[Provided data]
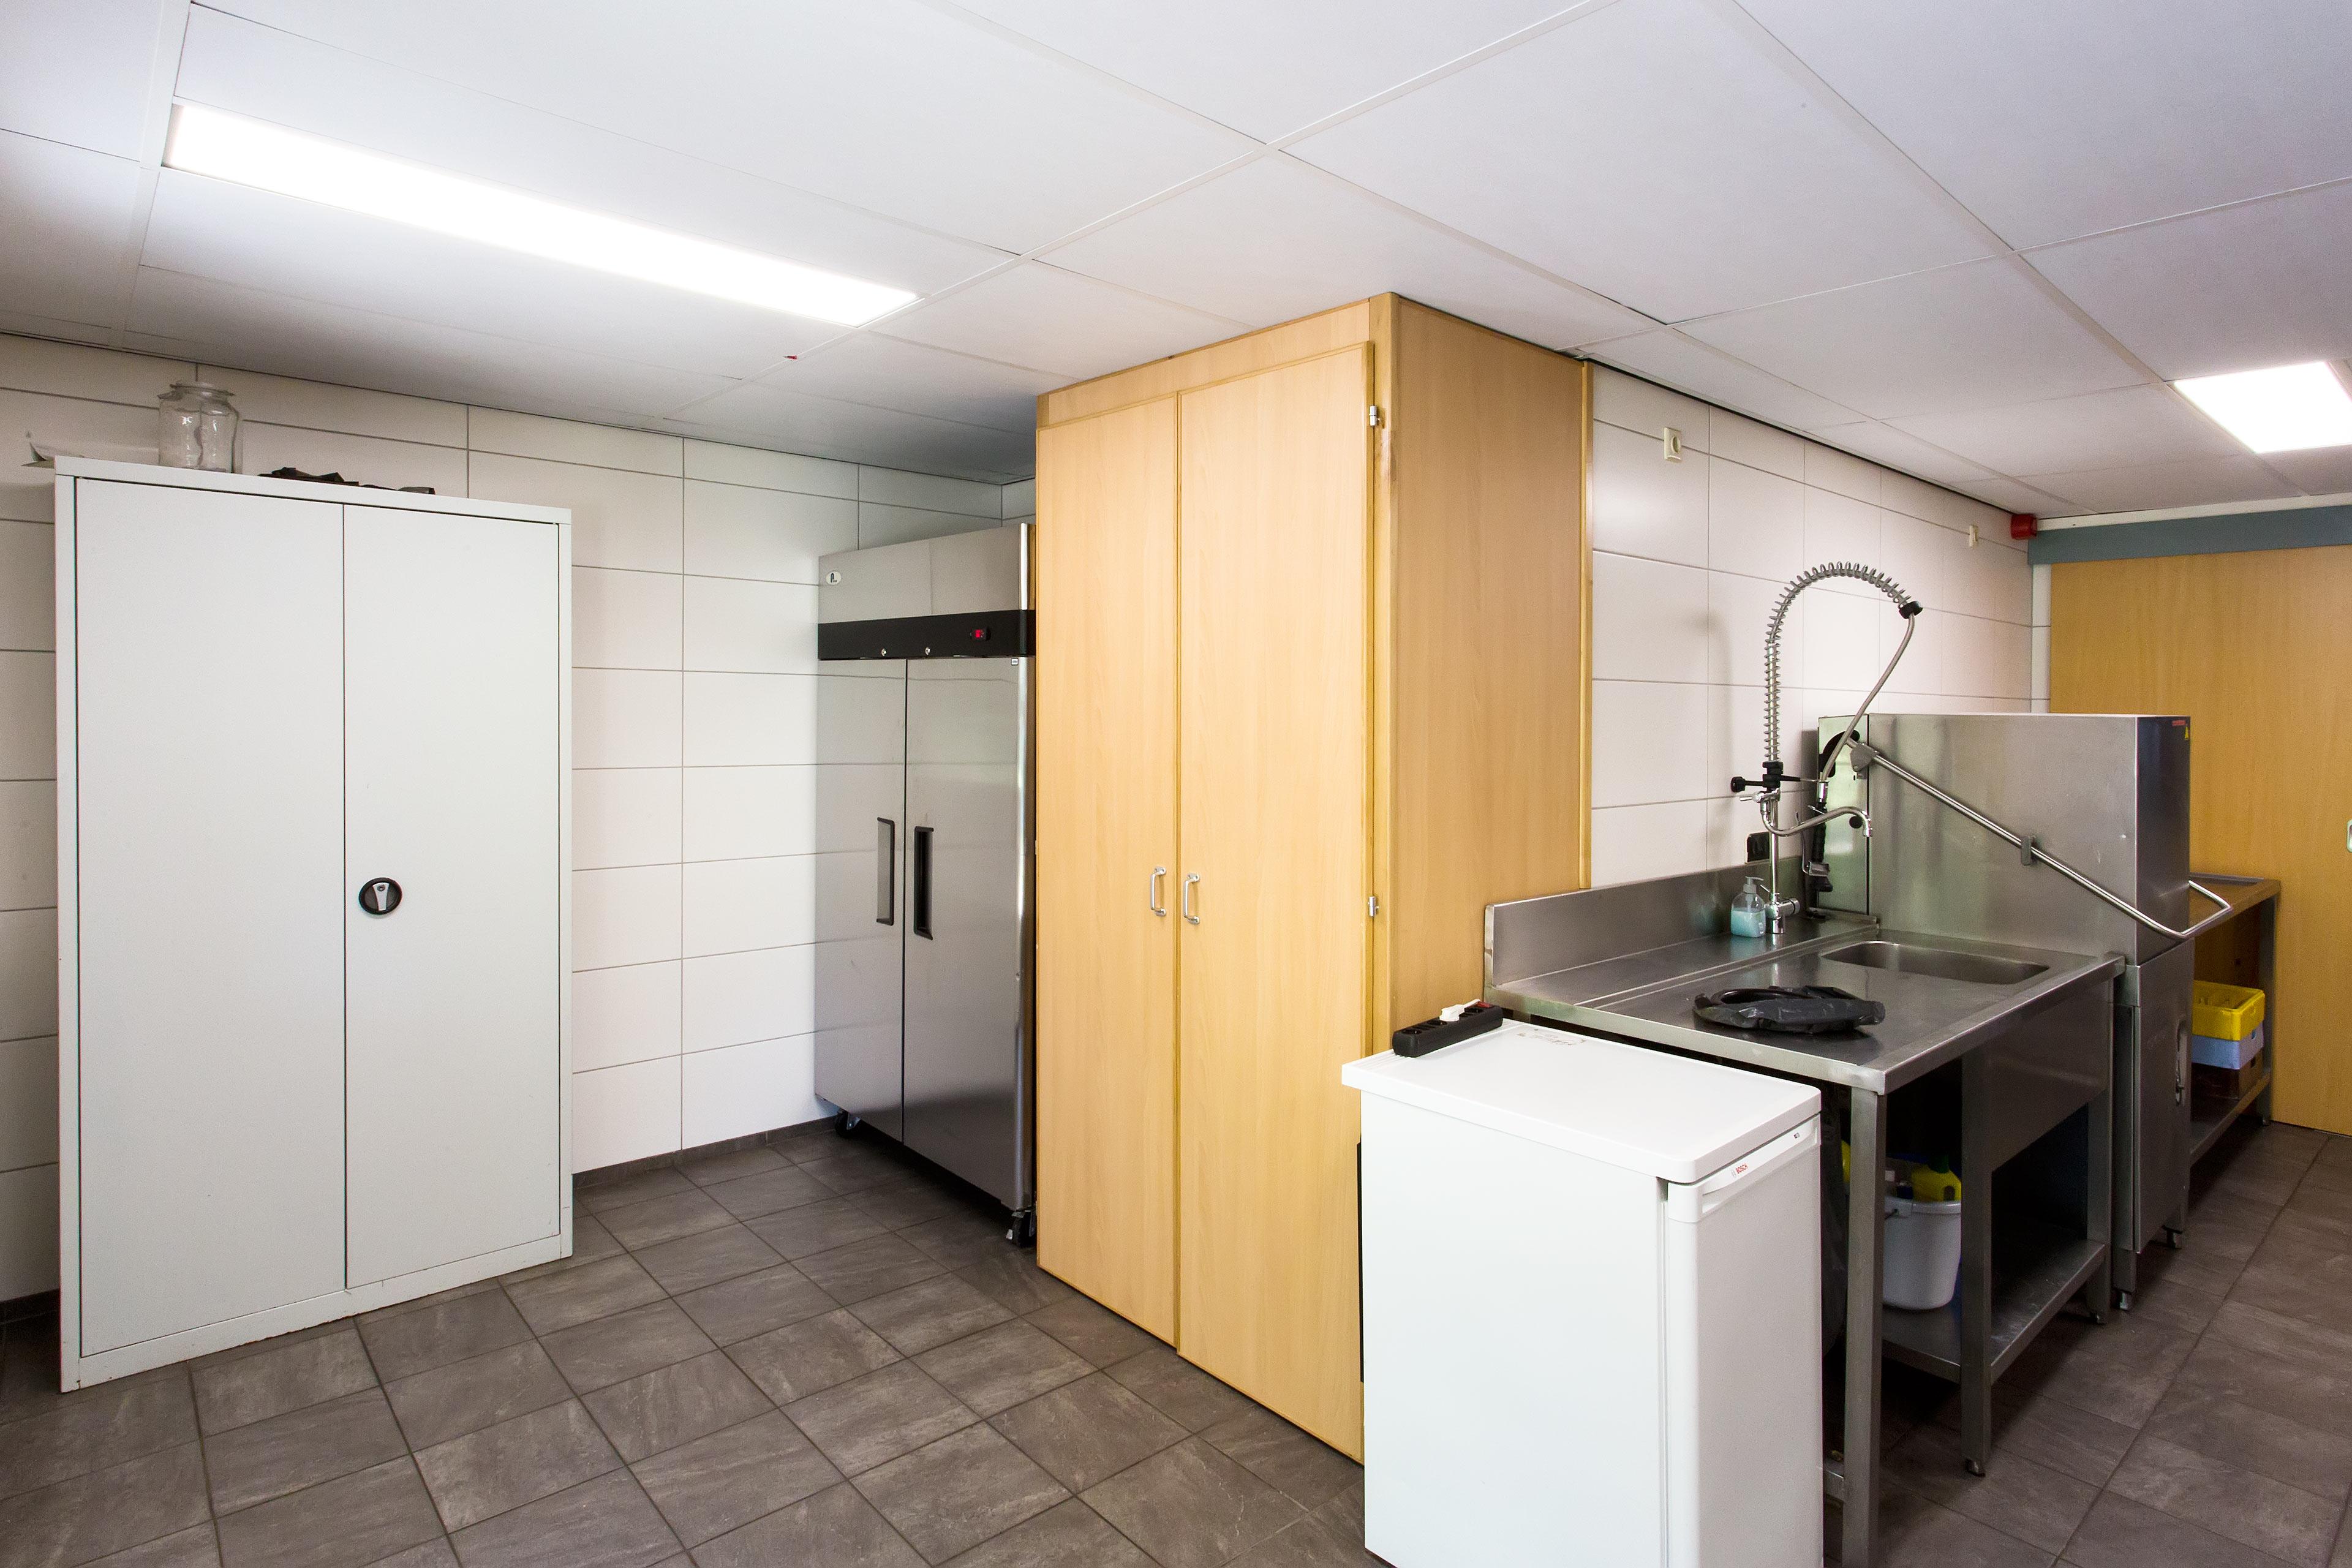 Grote koelkast en diepvrieskastje
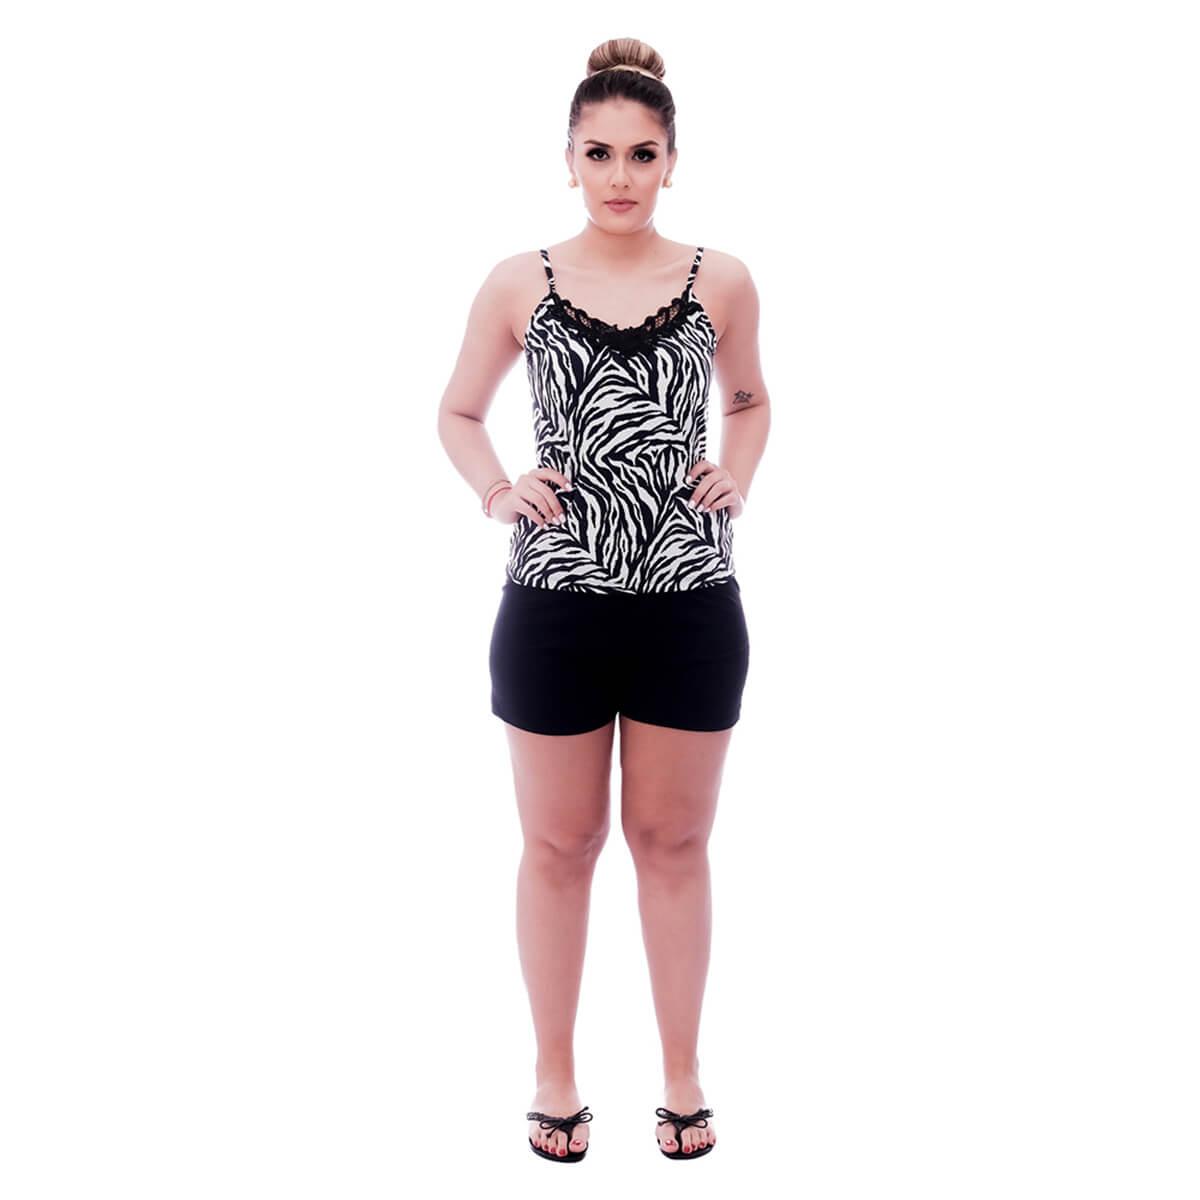 Short Doll de Blusa Alça Fina Estampa Animal Print de Zebra com Renda Guipir Preta no Decote e Short Preto
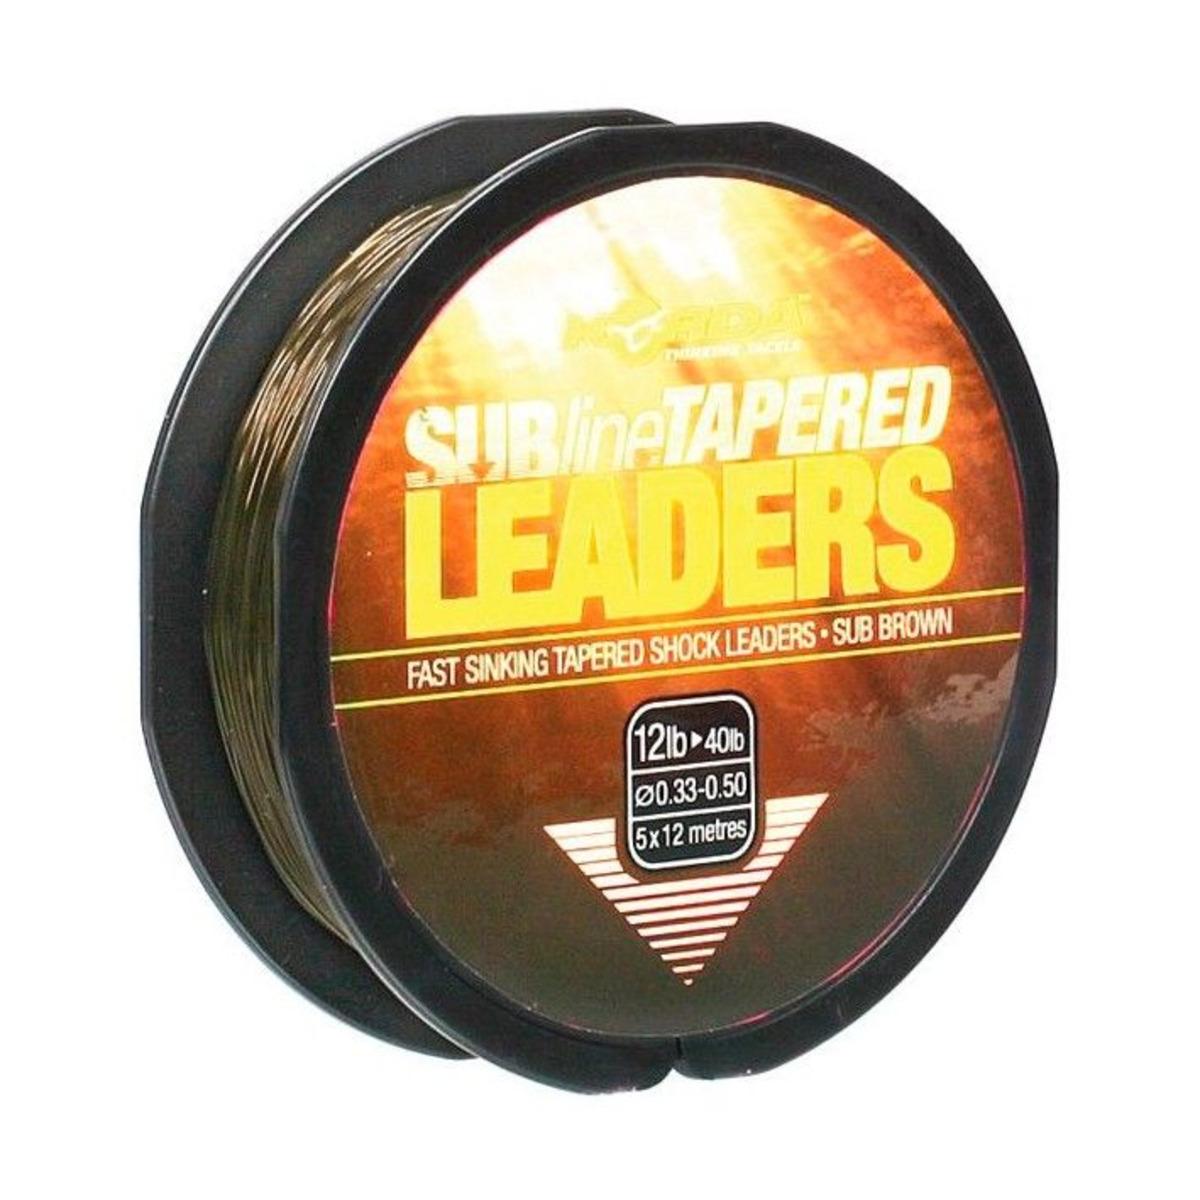 Korda Subline Tapered Leader - 0.30 mm / 0.50 mm - Brown

[Exercise description]
Set the material above down again word for word. Include none of its pictures.

[Reply]
 Grote koelkast en diepvrieskastje
 Short Doll de Blusa Alça Fina Estampa Animal Print de Zebra com Renda Guipir Preta no Decote e Short Preto
 Korda Subline Tapered Leader - 0.30 mm / 0.50 mm - Brown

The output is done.